To address our project, I would like to say a few words about the difference between the spiritual and religion, as far as I am concerned. In several past posts I have conveyed what I have personally experienced as I walk. Its effects are far-reaching and I believe it is no longer necessary to repeat them; if not of the knowledge of all humanity, then of a significant part.
However, I have failed to clarify some ideas about what I have been able to ascertain about the soul and the spiritual, for it also exerts a relevant stimulus, and perhaps the most important, for it produces a generalization, in turn, about all the other functions of the human being.
I would like to mention at this point, on this level of the blog, that when I use the word “spiritual” I am not referring exclusively to the religious concept; of course they are intimately related, but they are not equivalent. Religion is an evolved phase of Magic and Totemism, as James George Frazer rightly mentions, and spirituality is the sensitive and dynamic force, which escapes the rational and the senses for its quantification, dimensions and power, through which the human being develops certain forms and religious aspects, but also dozens of other functions and soul operations, which we can only achieve with this ethereal energy, which constitutes the being.
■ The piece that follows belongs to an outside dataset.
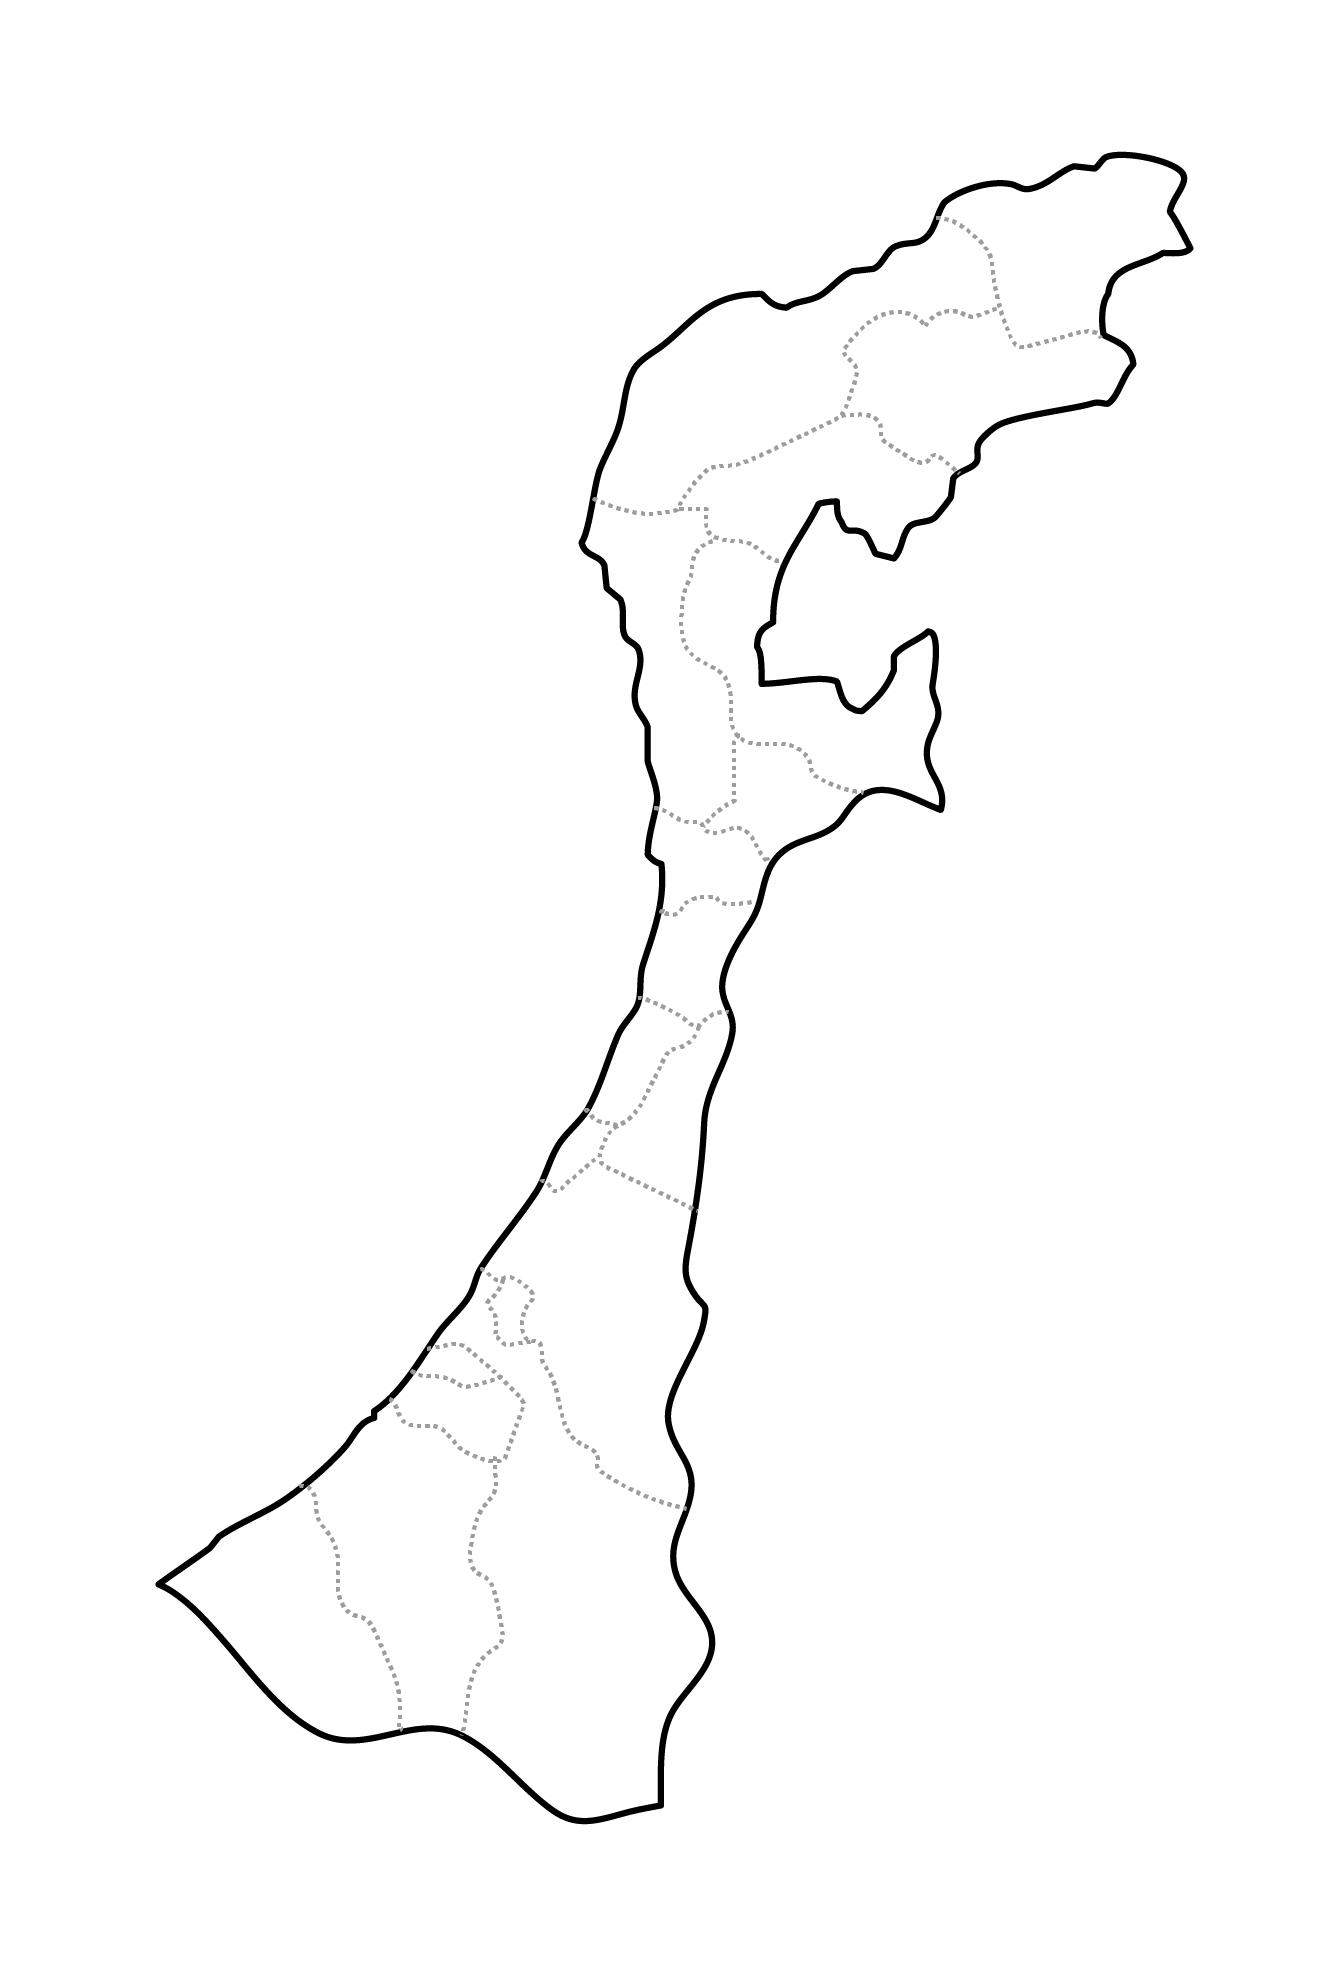 [白地図]石川県・ラインあり・市区町村名なし

On the other hand, the soul, like the other intangible forms of being, is always in motion, not to mention the body and other physical and material parts of the human being. Everything indicates that the soul does not die when the body dies, and the spirit remains in a latent state; however, these last two statements belong to matters that have not yet been scientifically proven.
After these clarifications, I continue with our central theme. The Totem is a “material” representation of an animal, vegetable or thing, which is the object of veneration by a primitive group of human beings. It can be a three-dimensional or two-dimensional figure, which bears a resemblance to what it represents or can bear no resemblance at all. The Totem is not a fetish because it is not a unique object, but is widespread in the species of animal or vegetable or was selected as such; nor is it an idol because it does not represent a god or goddess.
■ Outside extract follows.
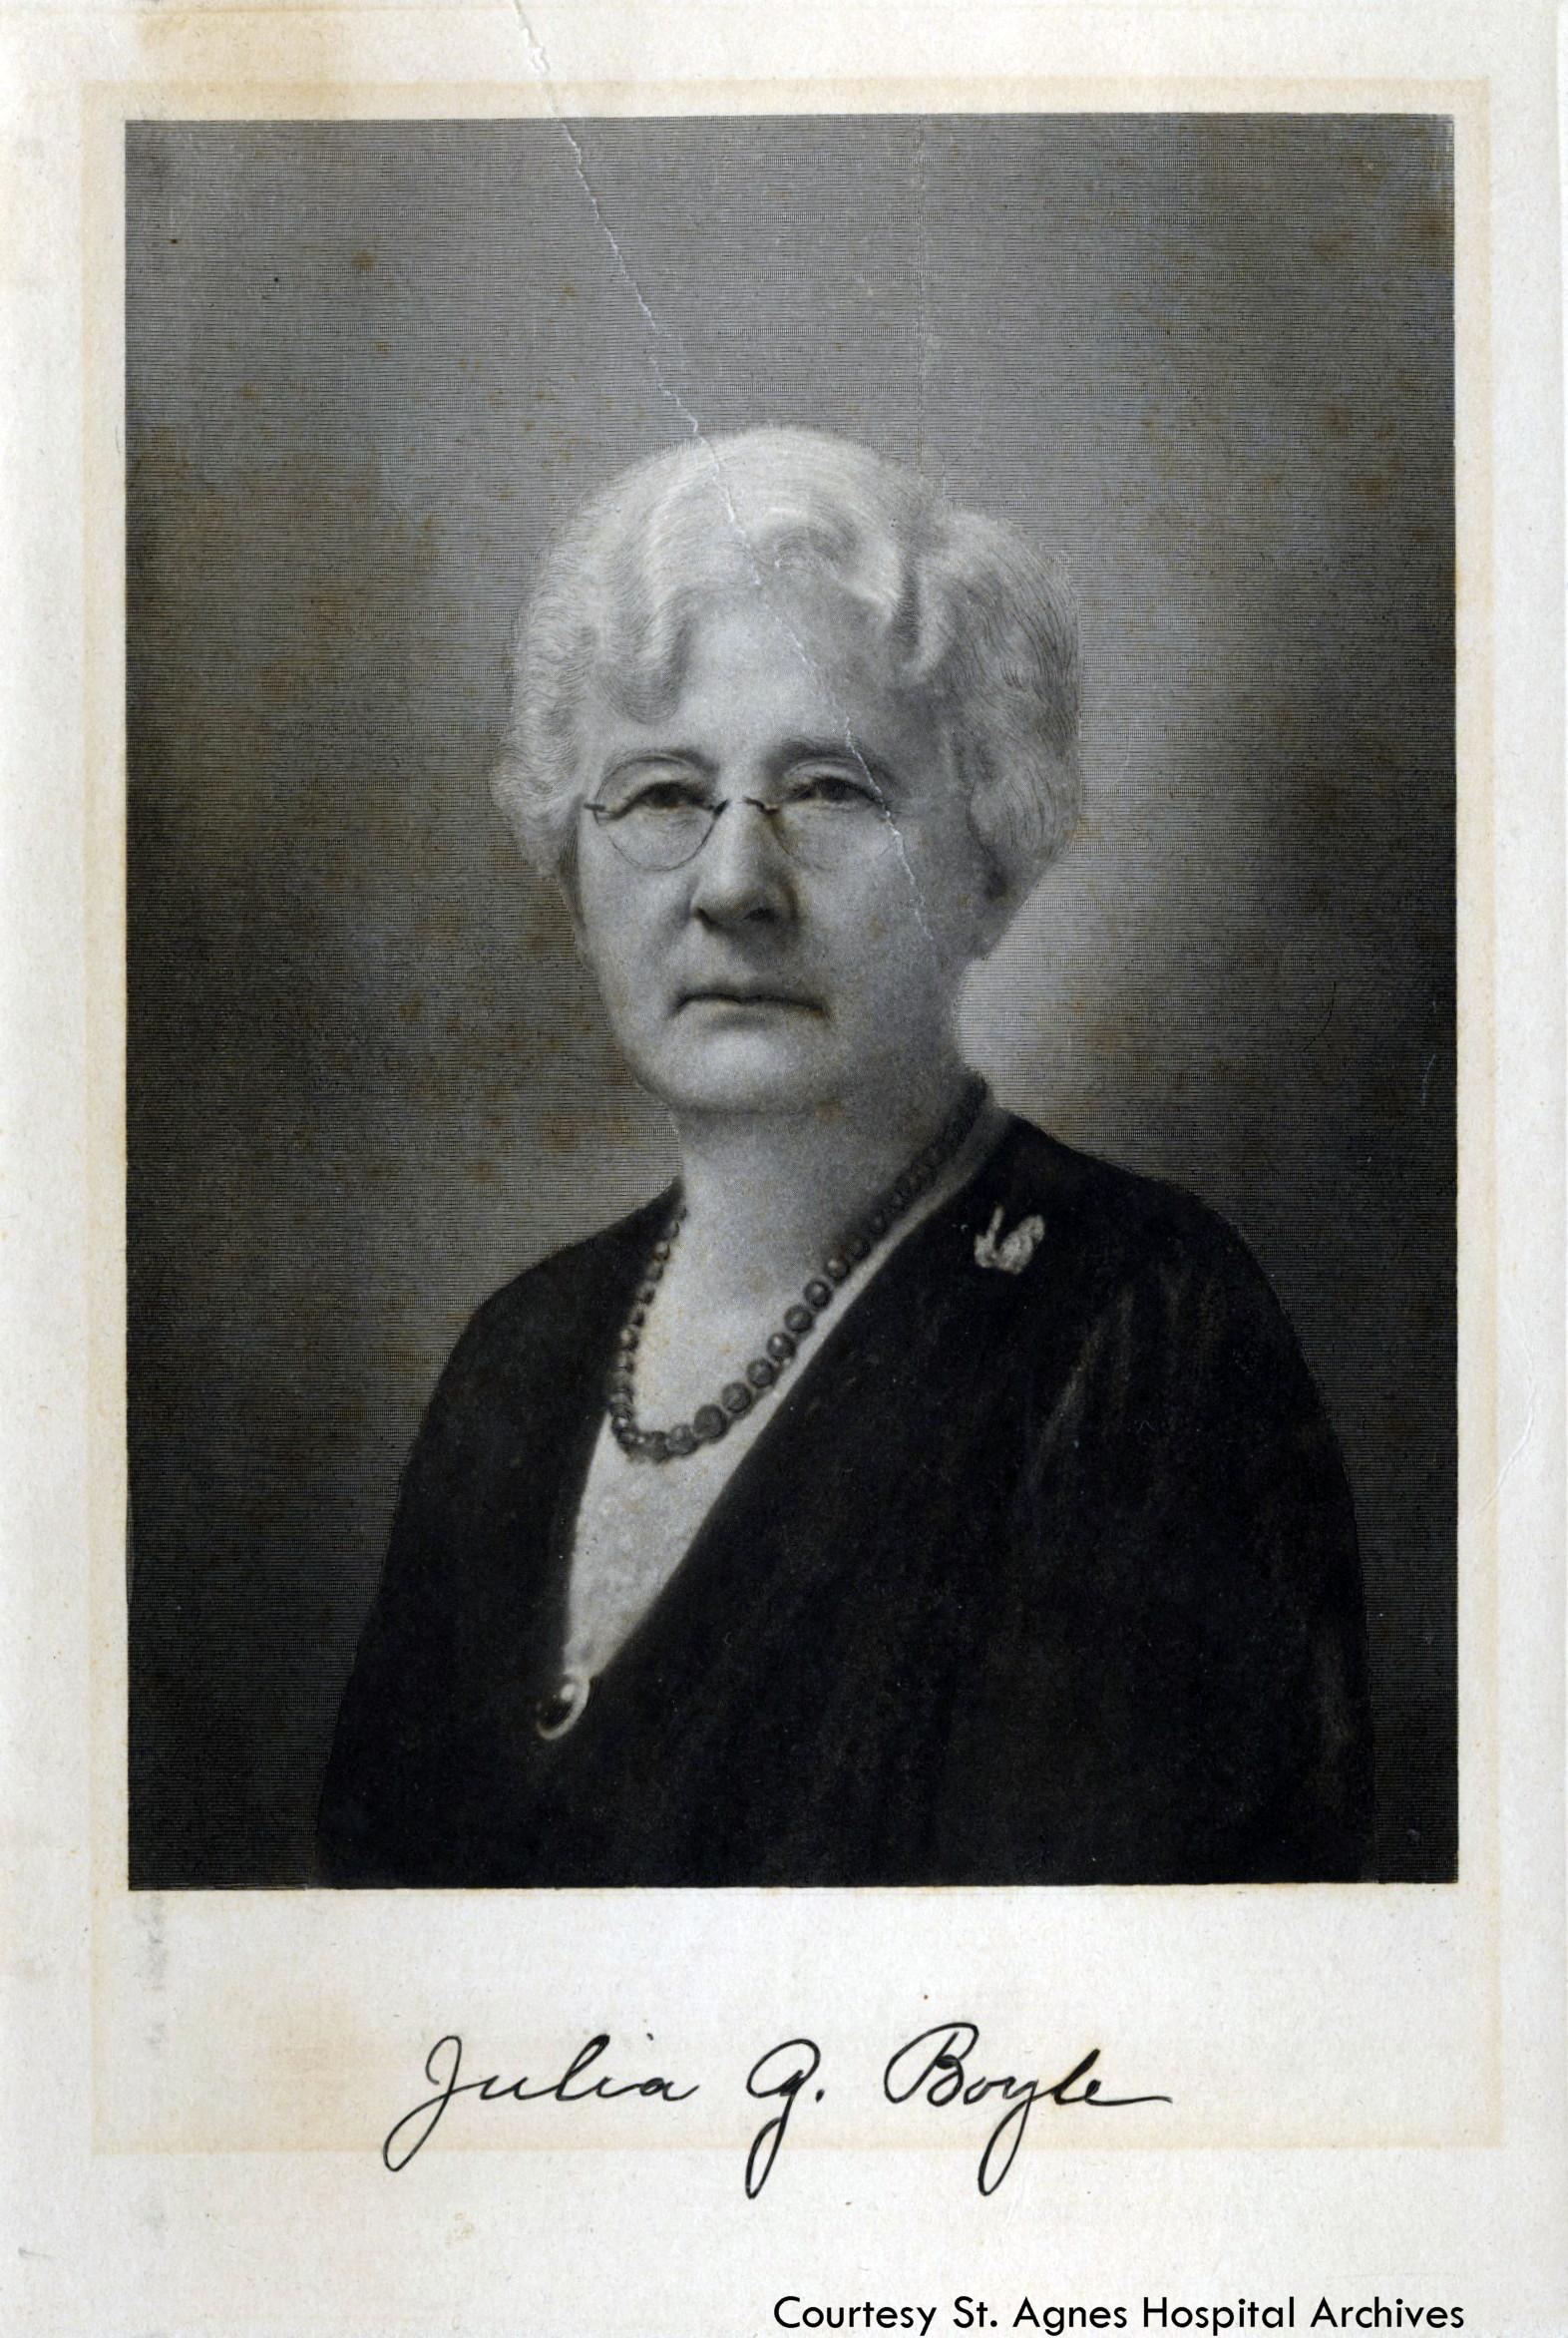 Julia Boyle

The socio-anthropological conception of totem is the image of an animal, vegetable or thing, which a group of people, large or small, be it a tribe, clan, etc., value and venerate for various characteristics, and it is linked in an almathetic or spiritual way with all the members of that human group. Different categories of Totems have been defined, but the one that should really interest us is the one that belongs to a whole social group (Tribe, Clan, etc.), with the Totem by Sex and the Individual coming second in the present exhibition.
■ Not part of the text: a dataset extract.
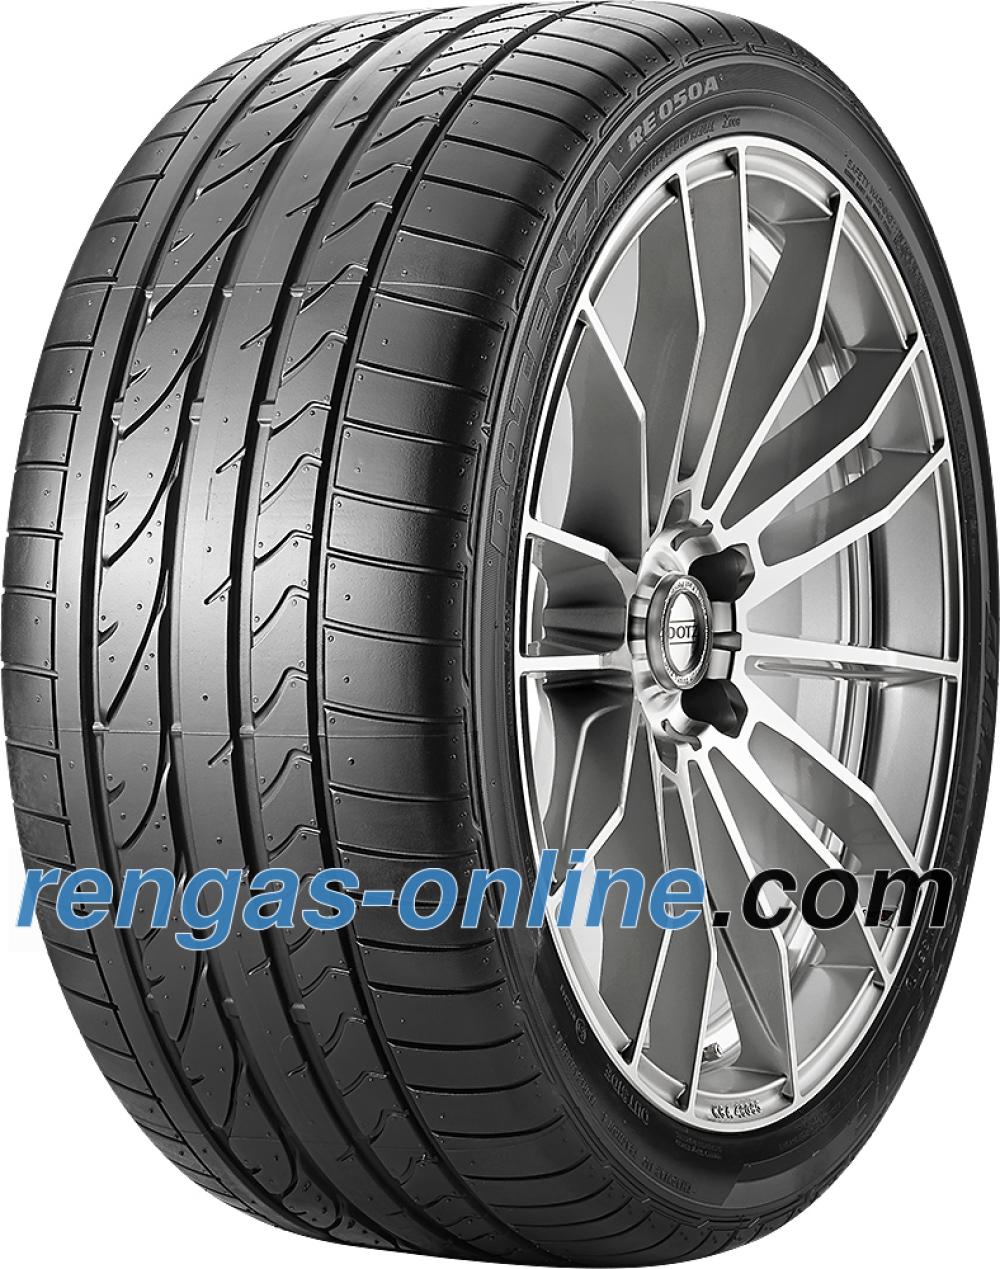 bridgestone-potenza-re-050-a-ecopia-24545-r18-96w-vannesuojalla-mfs

In primitive peoples, two characteristics, among others, are important: one, the totem is considered the progenitor of the group, and two, the soul relationship makes it, for all individual cases, that if something happens to the totem, the same thing will happen to the person; that is, if the animal dies, the person will die soon after, and conversely also, if the person dies, the animal will die. In certain specific cases this relationship is also extrapolated to the entire human group on the totem pole.
Totemism in its historical development has manifested itself in 3 cultural spheres: spiritual, social and religious, the latter being the last phase of it. From our approach, its spiritual practice was the most important, giving rise to the other two human manifestations.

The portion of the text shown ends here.